In this vignette we show the use of the function geomasking and we compare the effect of two different displacement methods on the distance of some simulated points. To illustrate this I am using a simulated dataset with 10.000 points, all located at latitude 0 and longitude 0.

DHS surveys geomasking method (Uniform geomasking)

This method is currenty used by the Demographic and Health Surveys project to protect the identity of survey respondents. GPS coordinates are displaced according to the “random direction, random distance” method following these steps:

  1. Select a random direction (angle) between 0 and 360 degrees.
  2. Select a random distance according to the urban and rural parameters (2km for urban and 5km for rural).
  3. Combine the results of steps 1 and 2 and assign the new coordinate to the cluster.

Gaussian geomasking

In this case we displace the coordinates adding to them a gaussian error with mean 0 and variance \(\delta^2\).

Simulation

We set a maximum displacement distance of 2 and we set the standard deviation of the gaussian positional error \(\delta = \frac{\text{maximum distance}}{\sqrt{6}}\). This will make the two types of displacement approximately equal. These two values can be defined through the argument delta of the geomasking function. The type of geomasking applied is provided as a character string to the argument displacement.

n <- 10000
max_dist <- 2
delta <- max_dist/sqrt(6) 

# Generate the original points
true_locations <- matrix(0, nrow = n, ncol = 2)

# DHS displacement (Uniform geomasking)
unif_locs <- geomasking(locations = true_locations, displacement = "uniform", delta = max_dist)

# Gaussian geomasking
gauss_locs <- geomasking(locations = true_locations, displacement = "gaussian", delta = delta)

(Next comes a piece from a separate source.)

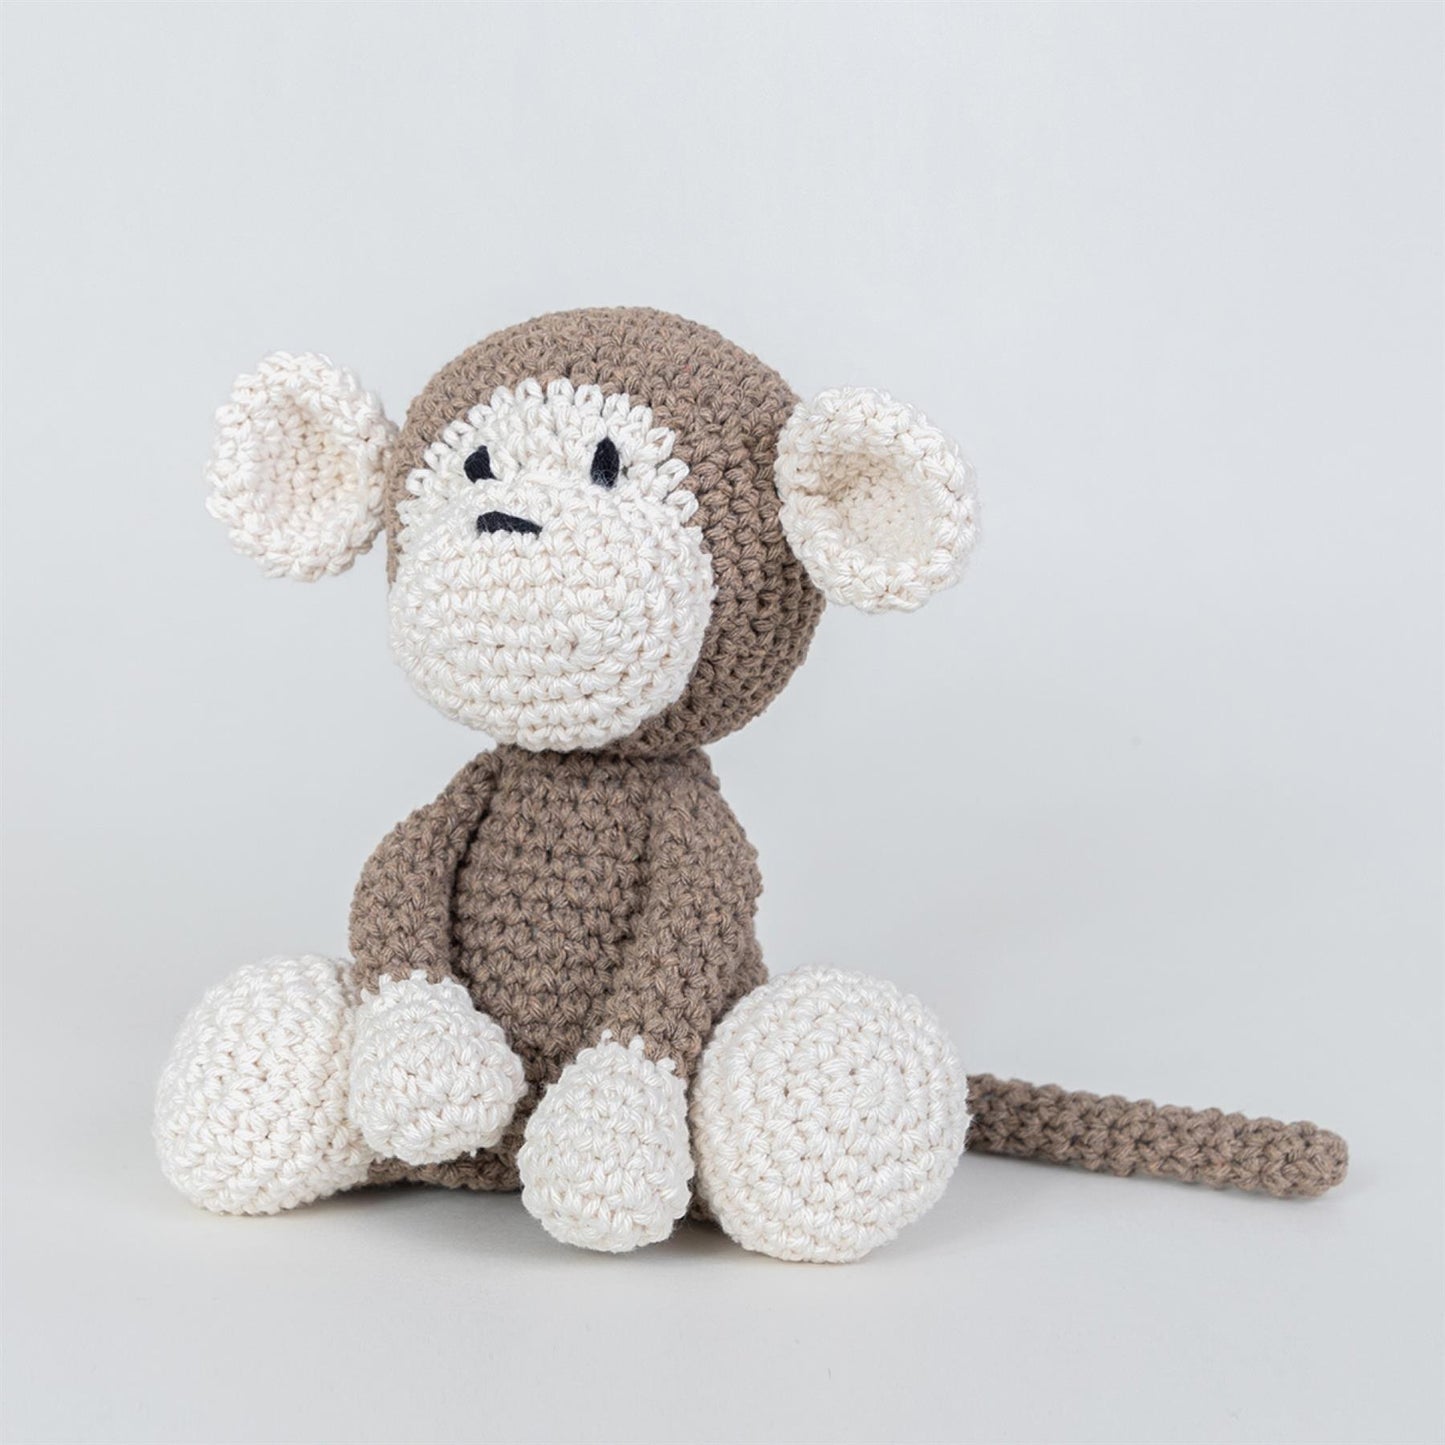 [Hoooked] PAK125 Eco Barbante Milano Taupe Cotton Monkey Mace Crochet Amigurumi Kit
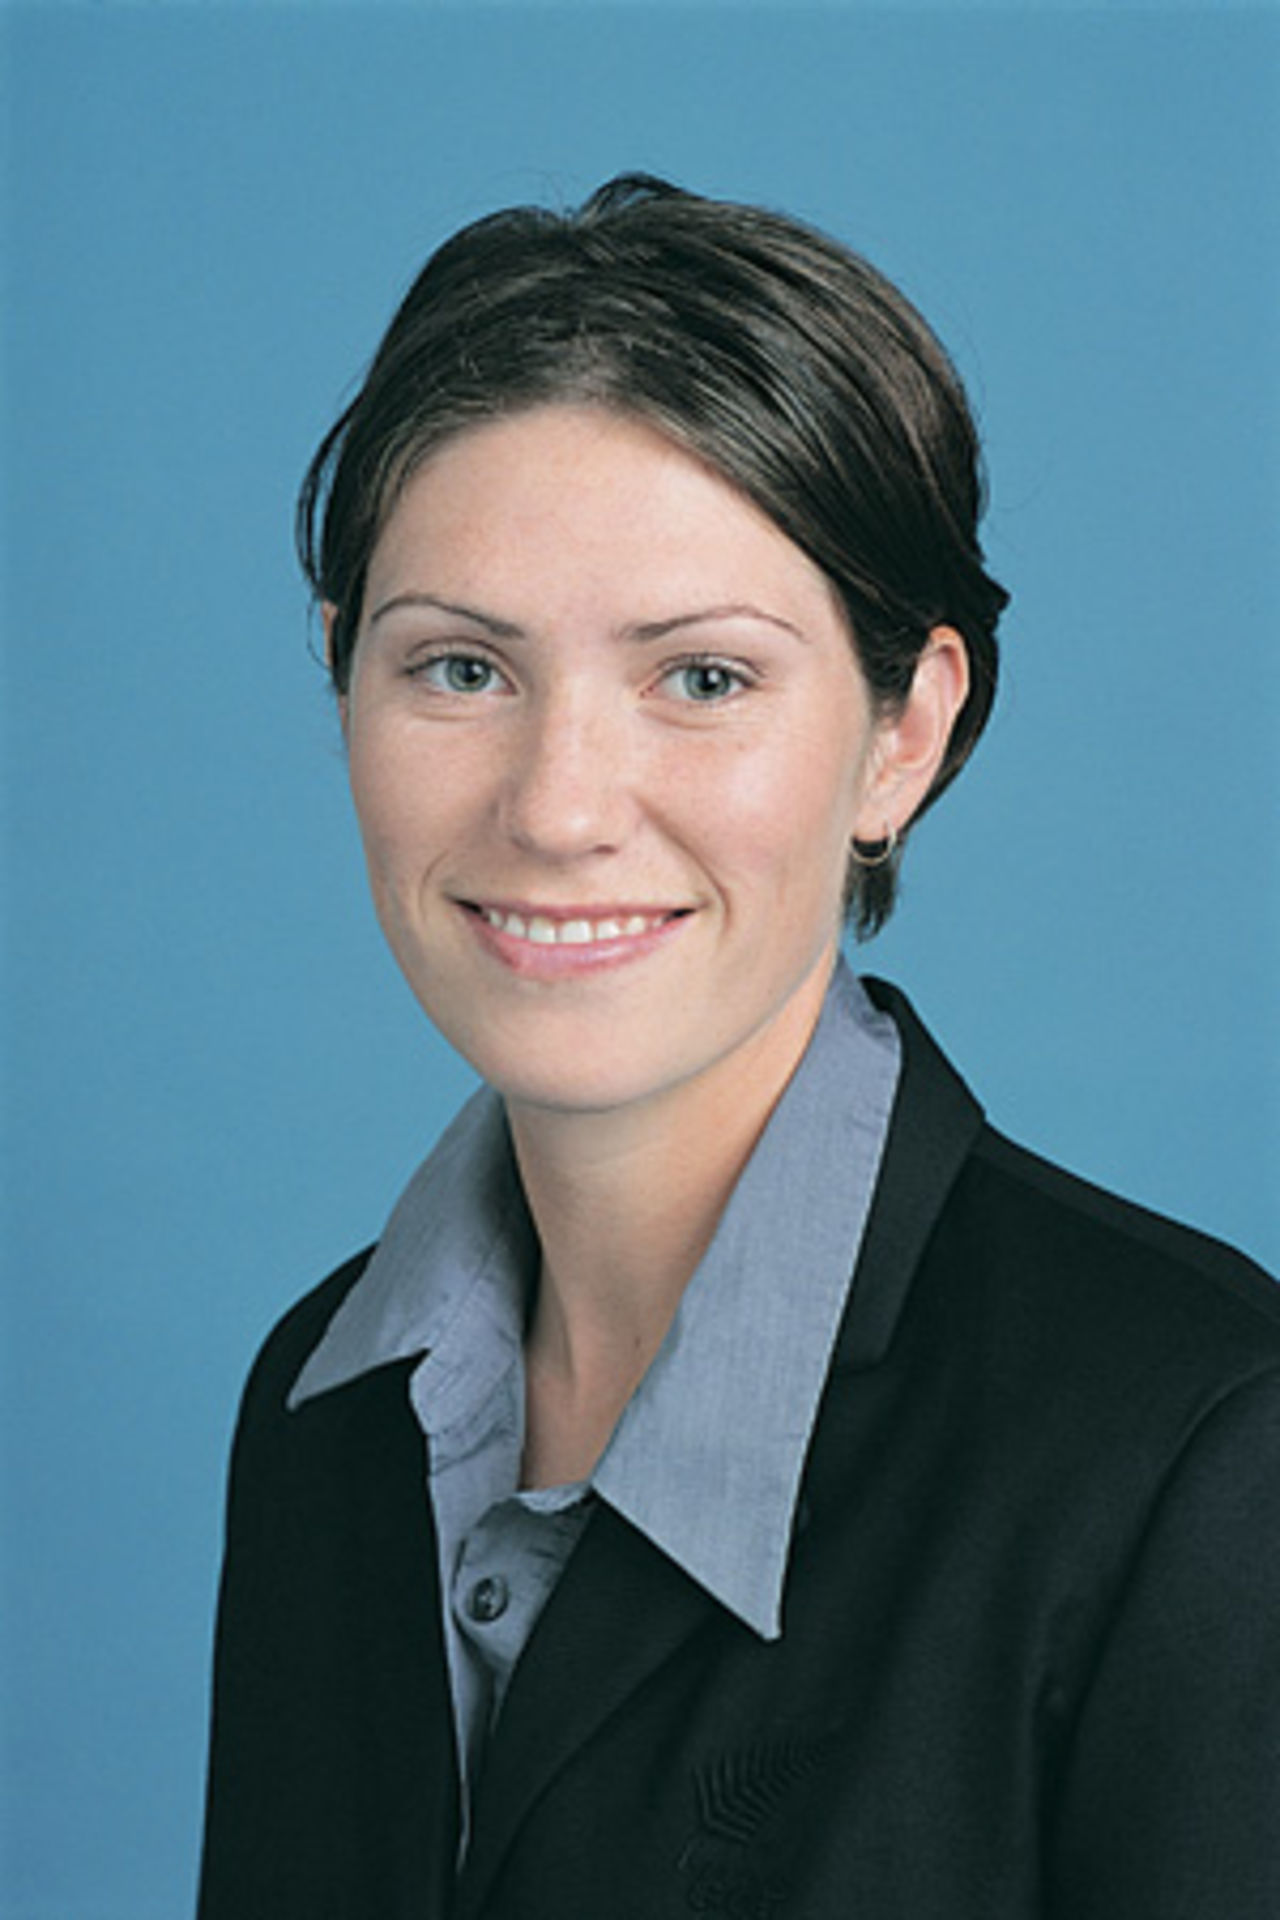 Portrait of Anna Corbin - New Zealand women's player in the 2002 season.

# Plot the displaced locations
par(mfrow = c(1, 2))
plot(unif_locs, col = rgb(50, 205, 50, alpha = 35, maxColorValue = 255), xlim = c(-2.5, 2.5), ylim = c(-2.5, 2.5), xlab = "", ylab = "", main = "Unifrom")
plot(gauss_locs, col = rgb(50, 205, 50, alpha = 35, maxColorValue = 255), xlim = c(-2.5, 2.5), ylim = c(-2.5, 2.5), xlab = "", ylab = "", main = "Gaussian")

# Compare displaced distances
dist1 <- sqrt(unif_locs[, 1]^2 + unif_locs[, 2]^2)
dist2 <- sqrt(gauss_locs[, 1]^2 + gauss_locs[, 2]^2)
par(mfrow = c(1, 2))
hist(dist1, col = "lightgreen", main = "Uniform")
hist(dist2, col = "lightgreen", main = "Gaussian")


# Compare within distances of displaced points
d1 <- dist(gauss_locs)
d2 <- dist(unif_locs)
hist(d1, col = "lightgreen", xlim = c(0, 5), main = "Uniform")
hist(d2, col = "lightgreen", xlim = c(0, 5), main = "Gaussian")